Whilst there are recommendations on best practice for translating algorithmic potential into clinical impact23, few organizations have meaningfully implemented machine learning algorithms in daily practice. The reality is that most healthcare organizations do not have the expertize or resources to develop machine learning algorithms beyond proof of concept themselves and as such are beginning to rely on third party partners including prominent technology companies who have entered this area24.

Algorithms trained on private data or public benchmark datasets will need to be validated locally to ensure that promised algorithmic performance is delivered for local patients. In fact, in recent guidance, the Radiological Society of North America25 stipulated that an external test set should be used for final statistical reporting of algorithms in research. To implement this guidance in research or to validate algorithmic performance for translation of research into practice there is a common need: local benchmark datasets. This necessitates a process of creation and curation of local benchmark datasets for individual healthcare organizations, or more realistically collections thereof, that is analogous to the creation of national or global benchmark datasets as previously described.

Whilst it appears desirable for all benchmark datasets to be highly curated to improve the efficiency of creating models, the reality is that once these models are created and validated, they will have to be applied to real world health data which is typically less clean and less complete26. As such the performance of algorithms on benchmark datasets will typically not reflect real world performance. For this reason, local benchmark datasets should reflect operational data such that live, unprocessed data can be run through algorithms to validate performance at the frontlines.

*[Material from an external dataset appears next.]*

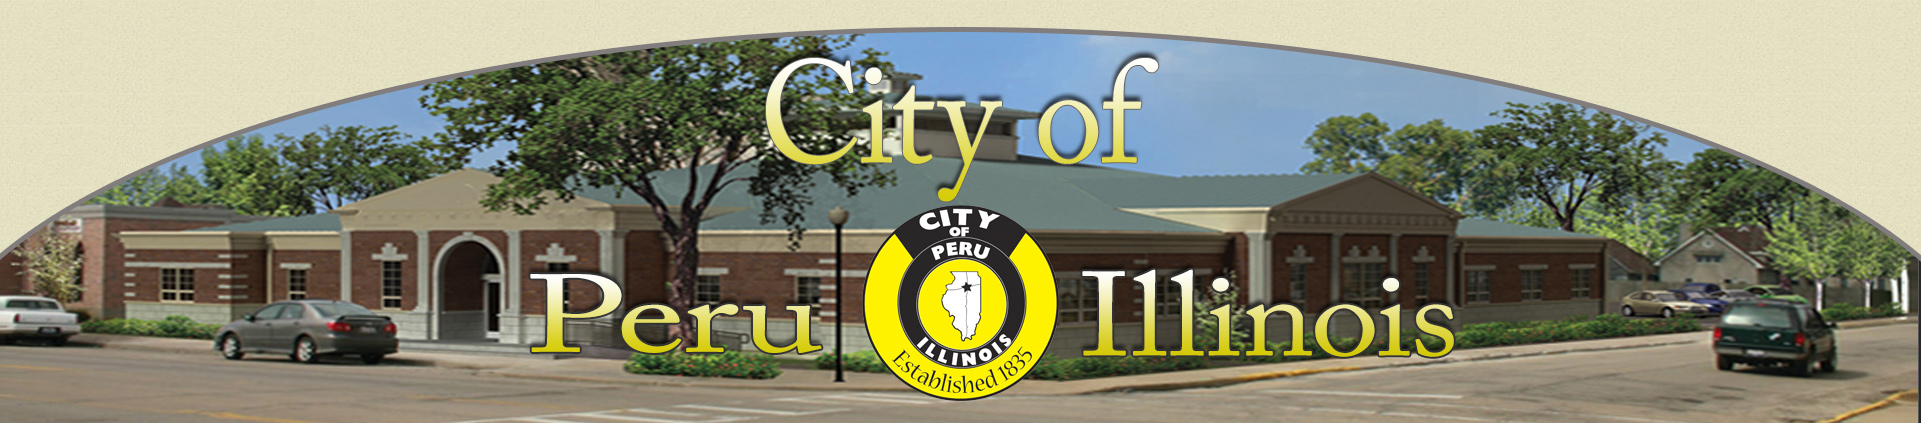 government agenda minutes videos news city of peru illinois 61354

Even so, these measures are not a guarantee of enduring performance. The performance of an algorithm will potentially decrease over time: for example, an algorithm that predicts acute kidney injury was implemented at several Veterans Administration hospitals. Within a few years, the model started overestimating risk, and the magnitude of overestimations increased over time27. Similarly, Google flu trends initially set a performance benchmark in 2010, but by 2013, shifts in the manner that the public searched for terms related to flu on Google search eroded the performance of the algorithm28. This need for updating in the face of changes in the data generating process is a common need for all algorithms.

Conclusion

Benchmark datasets are essential for computational research in healthcare. These datasets should be created by intentional design that is mindful of social and health system priorities. If a deliberate and systematic approach is not followed, not only will the considerable benefits of clinical algorithms fail to be realized, but the potential harms may be regressively incurred across existing gradients of social inequity29.